Revisitando as Humanidades na Era da Inteligência Artificial
De certa forma, muitas pessoas veem o cenário atual como um jogo de soma zero – onde a computação, as habilidades técnicas e a ênfase em STEM acabam ofuscando aquelas antigas disciplinas de arte, cultura e linguagem. Não há dúvida de que estamos entrando em um novo mundo, no qual a tecnologia assume um papel ainda maior. Contudo, nem todos acreditam que as humanidades estejam mortas ou obsoletas, ou que não devam orientar os jovens no sentido de explorá-las.
Paul Alivisatos, presidente da Universidade de Chicago, afirmou, durante uma entrevista, que as ferramentas de inteligência artificial estão transformando as oportunidades para os estudantes universitários. Segundo ele, “realmente acreditamos na educação com um currículo básico, mas cada vez mais as pessoas também desejam desenvolver uma visão computacional e estatística”. Alivisatos ressaltou que, daqui para frente, as pessoas precisarão ser criadoras e co-criadoras junto à IA, o que exigirá uma adaptação a grandes mudanças tanto no processo de aprendizagem quanto em diversas outras áreas.
Inteligência Digital e Pensamento Crítico
Em um artigo publicado no Phys.org, a professora Alexa Joubin, da George Washington University, discute a IA como uma “ferramenta heurística” para as humanidades e explica como ela pode transformar nossa forma de pensar:
“A IA pode simular fluência, mas ela não pensa de forma inerente. Cabe aos educadores garantir que os alunos compreendam suas limitações e aprendam a formular melhores questões. Em vez de tratarmos a IA como uma máquina de respostas, podemos utilizá-la para aprofundar a investigação e redefinir o pensamento crítico nas humanidades.”

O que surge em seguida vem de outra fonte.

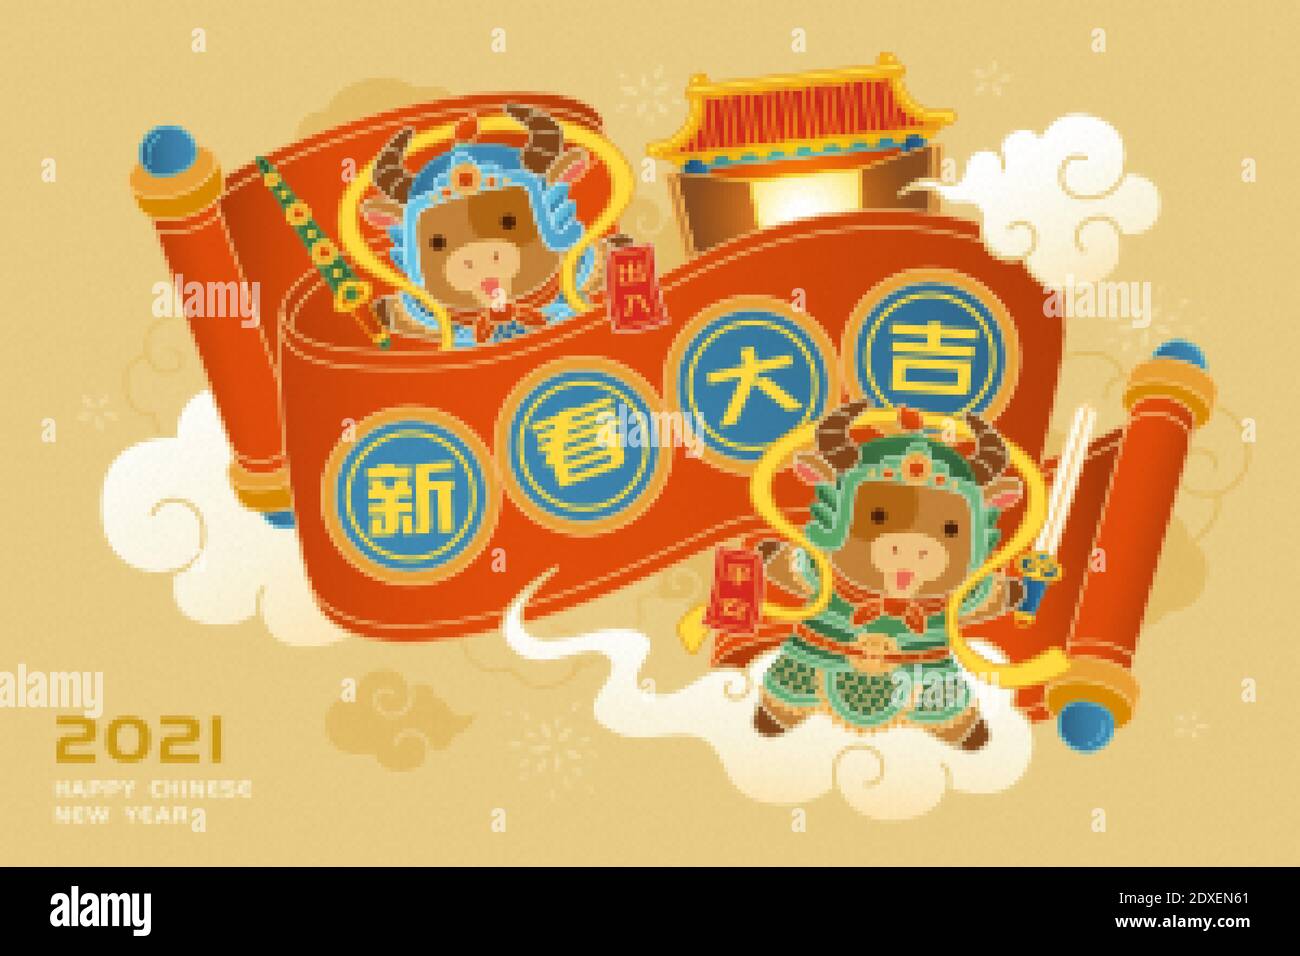 Schöne niedliche Tür Götter mit roten Banner mit chinesischen Worten: Wünschen Ihnen viel Glück und stellen Sie sicher, eine sichere Reise, wann immer Sie gehen Stock Vektor

Em outras palavras, a inteligência artificial pode atuar de forma assistiva. De fato, ao ouvir diversos especialistas discutindo o avanço da IA, nota-se uma forte ênfase no desenvolvimento de tecnologias que ampliam as capacidades humanas, em vez de substituí-las. Trata-se de ferramentas de apoio à decisão que tornam o trabalho humano mais produtivo e eficaz.
A Revolução do No-Code
Durante a conversa com Mittal, Alivisatos fez referência a uma das tendências mais disruptivas dos últimos tempos: o movimento no-code. Pela primeira vez, com os novos modelos de linguagem de grande porte, é possível desenvolver softwares sem precisar conhecer linguagens de programação. Desde os anos 1970, quando aprendemos a utilizar os computadores, era necessário dominar linguagens como FORTRAN ou COBOL para criar qualquer aplicação. Hoje, podemos simplesmente solicitar à IA que desenvolva o software e obter um código-fonte impecável.
Embora essa realidade seja impulsionada pelas capacidades da inteligência artificial, ela já possui precedentes no design digital. No início da internet, era comum os usuários escreverem seu próprio HTML para construir páginas, mas com o surgimento de ferramentas como o Dreamweaver, os webmasters passaram a criar sites sem necessidade de codificação. Agora, o conceito de no-code está disponível de maneira ainda mais ampla: os usuários finais não precisam ser especialistas em tecnologia – basta saber se comunicar efetivamente com a IA.
Investimento e Apoio às Humanidades
Há também importantes iniciativas que continuam incentivando o trabalho nas humanidades, mesmo em um momento de grande destaque para a inteligência artificial. Por exemplo, o National Endowment for the Humanities (Fundo Nacional para as Humanidades) opera uma série de programas voltados ao financiamento de estudos nesta área. Um dos programas concede até US$ 750.000 para universidades e organizações de pesquisa independentes, com o objetivo de criar centros dedicados ao estudo das implicações éticas, legais e sociais da inteligência artificial.
Independentemente das incertezas sobre o financiamento federal, esse é apenas um dos diversos programas implementados para apoiar e fortalecer as humanidades na economia americana. Ao comentar essa tendência e outras, Alivisatos enfatiza que a inteligência artificial está ampliando as oportunidades – não retirando-as, mas transformando a maneira como inovamos e nos destacamos como seres humanos.
“O que vejo é, para nossos alunos, uma expansão de oportunidades em todos os setores. De repente, conseguimos fazer com que o conhecimento trabalhe melhor para nós. Isso criará ainda mais oportunidades para as pessoas, nunca menos. Portanto, acredito que os estudantes devem encarar esse momento, assim como as instituições, como uma oportunidade imensa, e não com receio”, concluiu.
Tudo isso indica um compromisso em preservar o que é essencialmente humano, mesmo enquanto a inteligência artificial avança em termos de cognição e capacidade de decisão. Fique atento(a) a novas transformações nesse cenário.